Although she passed away over 30 years ago I still have that rickety old bookcase; minus the romance novels. (not quite sure whatever happened to them!)


----------



## Geoffrey (Jun 20, 2009)

sebat said:


> I happen to be an interior designer. There is nothing decorative about an over flowing bookcase of dusty books with nicked and torn covers. If I'm using books as part of my design, I purchase leather bound classics and use them very sparingly with an assortment of other accessories.


I always thought books as a decorative accessory to be rather silly ... I still have a pbook library even though the number of physical books in it is under 1000 now - but they're in the room designated for books and computers and not where we entertain.


----------



## Alan Ryker (Feb 18, 2011)

Trophywife007 said:


> As if those of us who have invested a chunk of change only for the "appliance" upon which to read ebooks (not even counting the ebooks themselves) do not already have walls and walls full of physical books.


You mean you've kept your paper books?
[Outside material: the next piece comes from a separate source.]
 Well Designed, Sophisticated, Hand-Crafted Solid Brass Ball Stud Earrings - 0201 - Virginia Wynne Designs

Haven't you heard that once you buy an ebook you are never allowed to touch a paper book again?!?!


----------



## Barren (Apr 20, 2011)

I want to make a "scratch and sniff" stick on cover for kindles so you can get that "book store" smell!!!


----------



## sebat (Nov 16, 2008)

Geoffrey said:


> I always thought books as a decorative accessory to be rather silly ... I still have a pbook library even though the number of physical books in it is under 1000 now - but they're in the room designated for books and computers and not where we entertain.
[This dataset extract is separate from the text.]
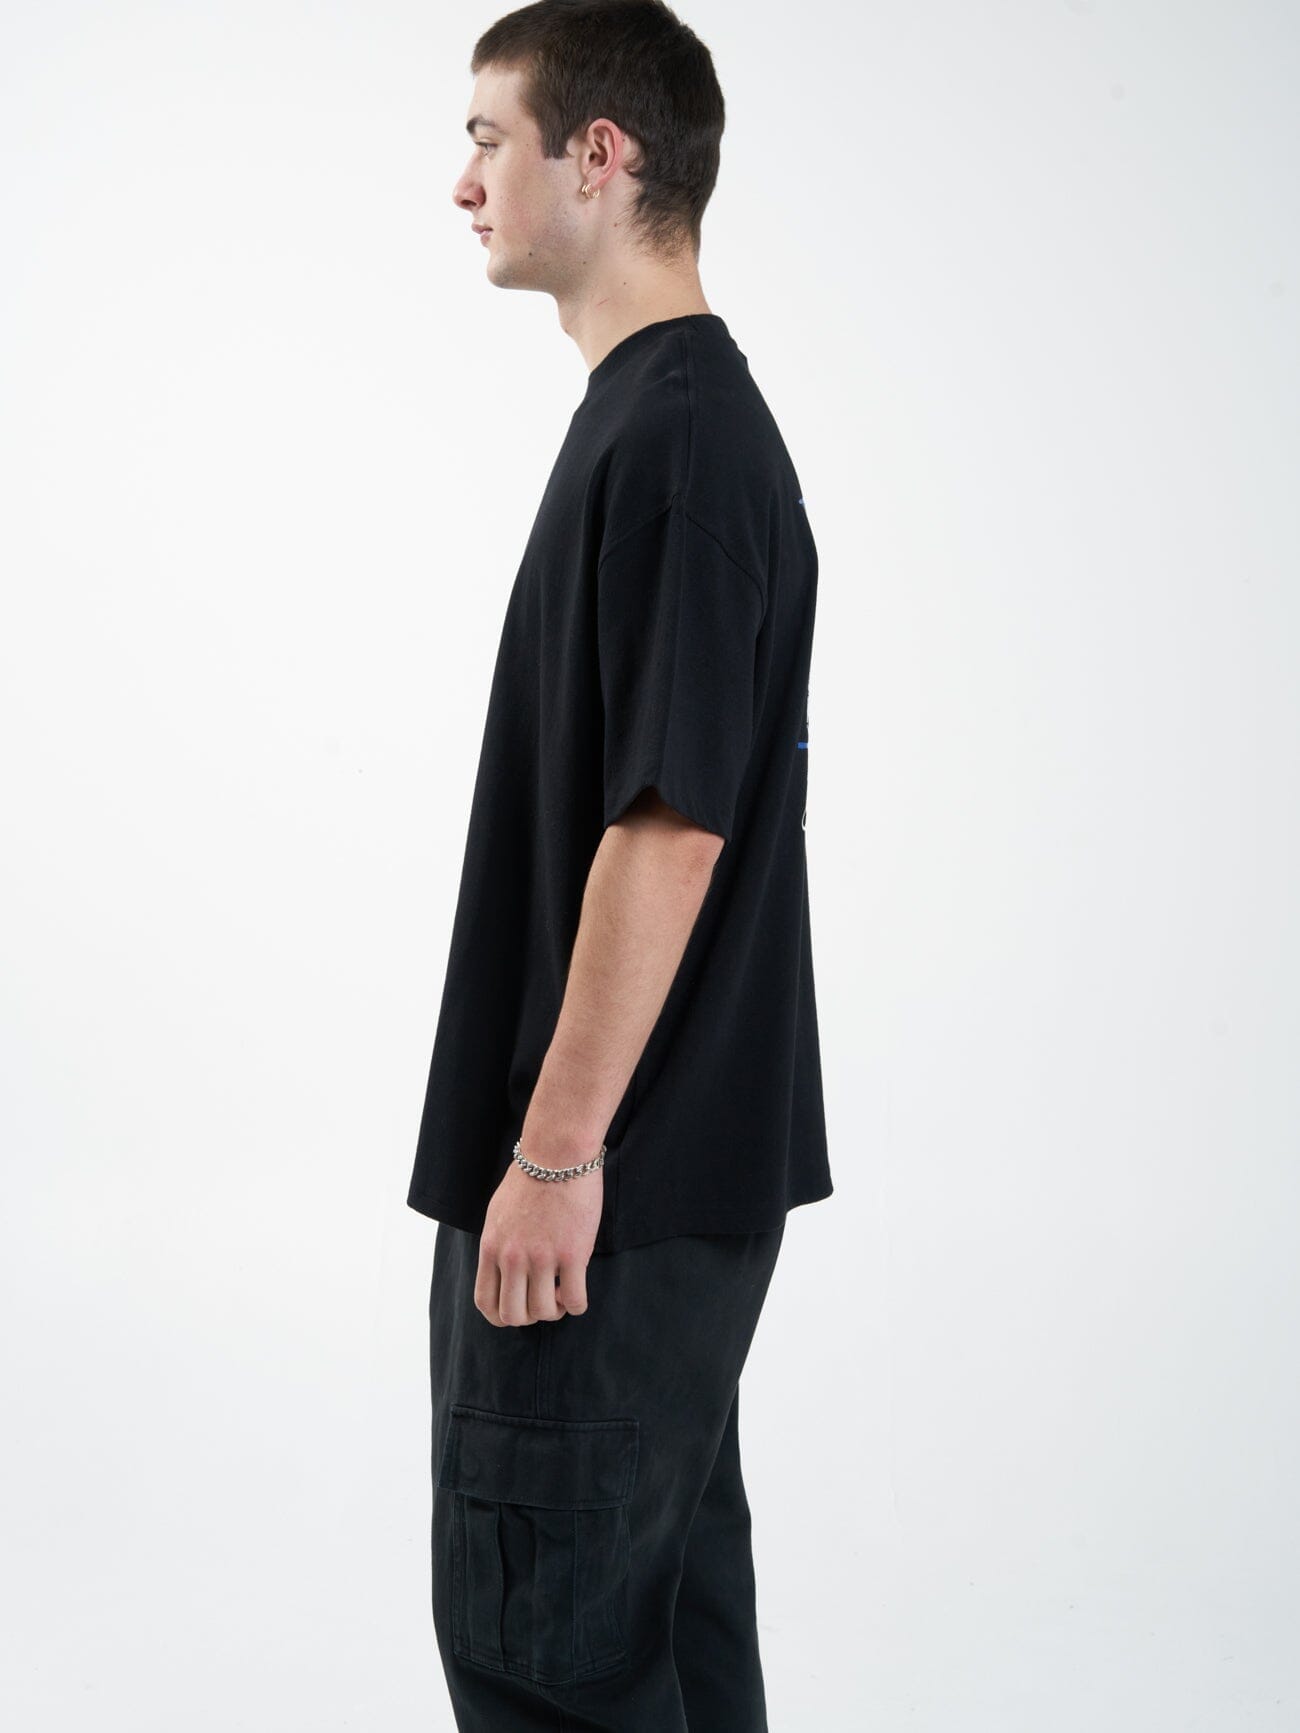 All Power Oversized Fit Tee - Black

Geoffrey, you are one of the lucky few that has enough space to hide the library.


----------



## Trophywife007 (Aug 31, 2009)

Alan Ryker said:


> You mean you've kept your paper books? Haven't you heard that once you buy an ebook you are never allowed to touch a paper book again?!?!


Hee hee... I haven't duplicated all my DTBs in the eVersion. Mr. 007 has an aversion to paperbacks, so we have a number of hardbacks I could never get rid of.


----------



## Geoffrey (Jun 20, 2009)

sebat said:


> Geoffrey, you are one of the lucky few that has enough space to hide the library.
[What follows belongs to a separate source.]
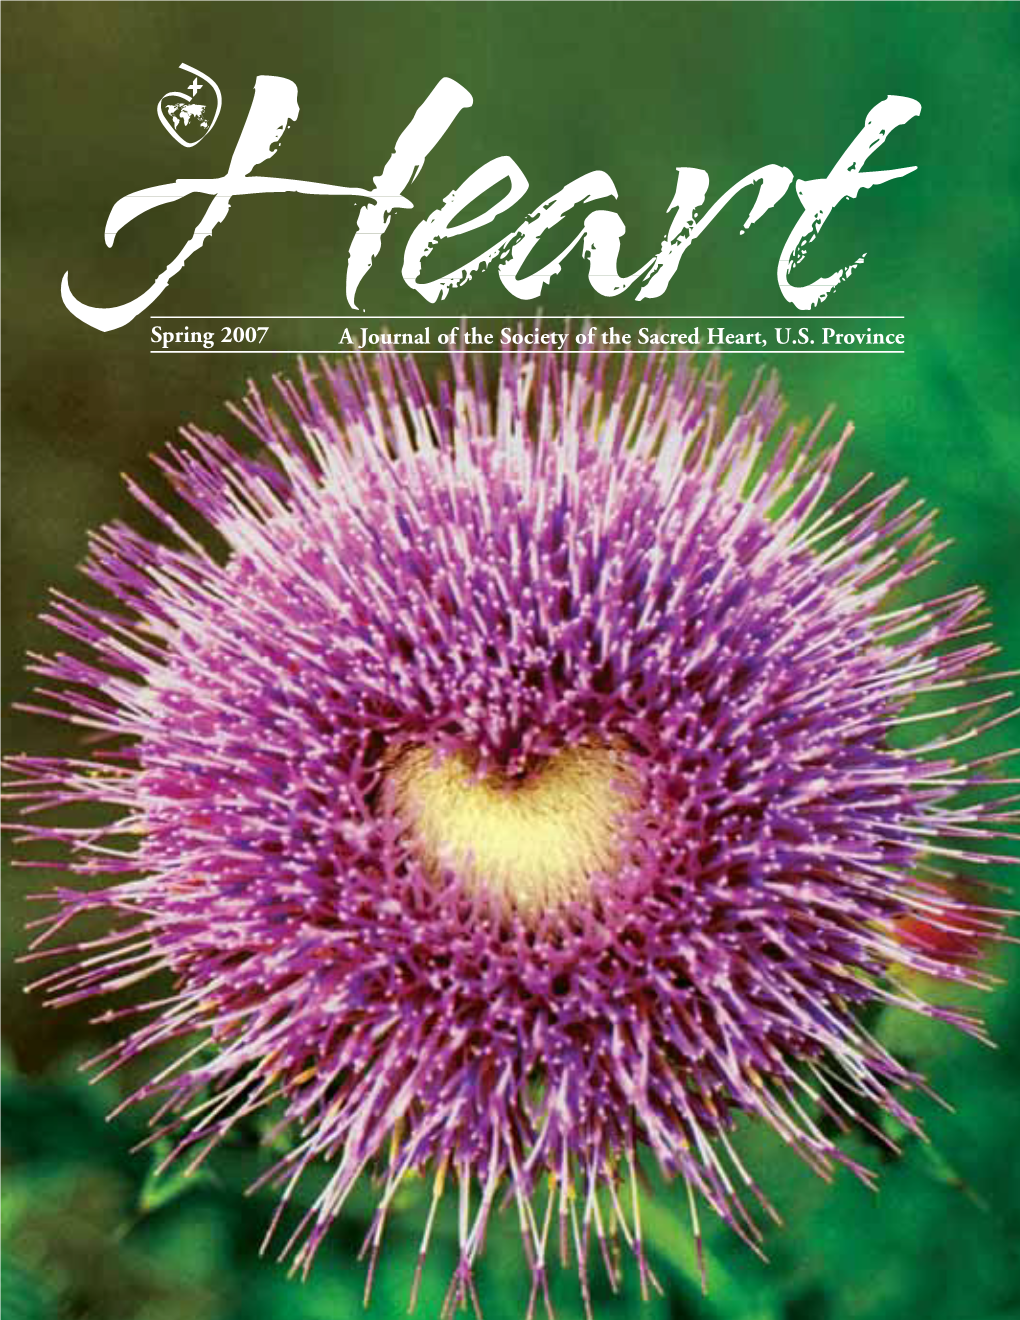 Spring 2007 a Journal of the Society of the Sacred Heart, U.S. Province …To Heart

gave up a guest room for a Library ....


----------



## lpking (Feb 12, 2011)

dbeman said:


> All this talk about "books on a bookshelf" reminds me of my grandmother's bookshelf which, as of 1978, contained hundreds of volumes of meticulously sorted Harlequin Romance Novels. I'm fairly certain that she purchased one as a part of her weekly grocery shopping trip.
> 
> Although she passed away over 30 years ago I still have that rickety old bookcase; minus the romance novels. (not quite sure whatever happened to them!)


Your grandmother isn't the only one. I've run across people who collect them religiously. I have no further comment on the subject. ;-)

As for what happened to your grandmother's, you have no idea what happened to them because those who took them did it very very quietly.


----------



## QuantumIguana (Dec 29, 2010)

Alan Ryker said:


> You mean you've kept your paper books? Haven't you heard that once you buy an ebook you are never allowed to touch a paper book again?!?!


Not everyone has a space sufficently well-ventilated to burn all their old paper books...


----------



## G. Henkel (Jan 12, 2010)

QuantumIguana said:


> Not everyone has a space sufficently well-ventilated to burn all their old paper books...


Your local library will be happy to take them off your hands. That's what I did. Every year I've been donating countless books to the library. Books I read and know I will not re-read and books I no longer need because I repurchased them on the Kindle.


----------



## Violet Yates (Feb 28, 2011)

I can see some of the writer's points, although I personally like both ebooks and regular print books. I write a lot of reviews, and often prefer a print book because of that margin space, because I can underline and write to my heart's content. I know there are ways to do this on my kindle, but my brain hasn't caught on to that yet. 
I'm also easily distracted. I started reading a book on my kindle last week, then got a new book that I had to review, so the other one is sitting there with only a little bit read. I have since finished and reviewed the book I was going to review, but instead of going back to the other book, I've picked up a print one to read because it had more appeal.
I forget books I buy on my kindle a lot more easily than print books, because they're not staring me in the face. So reminders would be nice, but 1000 reminders to read all of the books I have on my kindle would drive me absolutely nuts. 
Mostly, I won't forget a book, ebook or print, if it is unforgettable. If I am seriously thrilled with the premise and description, which is why I bought it, then I will eventually come back to it. So this is where the writer comes in. If you write an awesome book, I will eventually read it once I have paid for it. It just takes a bit more organization skills to keep track of the ebooks I buy, I guess. 



Violet


----------



## Mike D. aka jmiked (Oct 28, 2008)

Violet Yates said:


> often prefer a print book because of that margin space, because I can underline and write to my heart's content.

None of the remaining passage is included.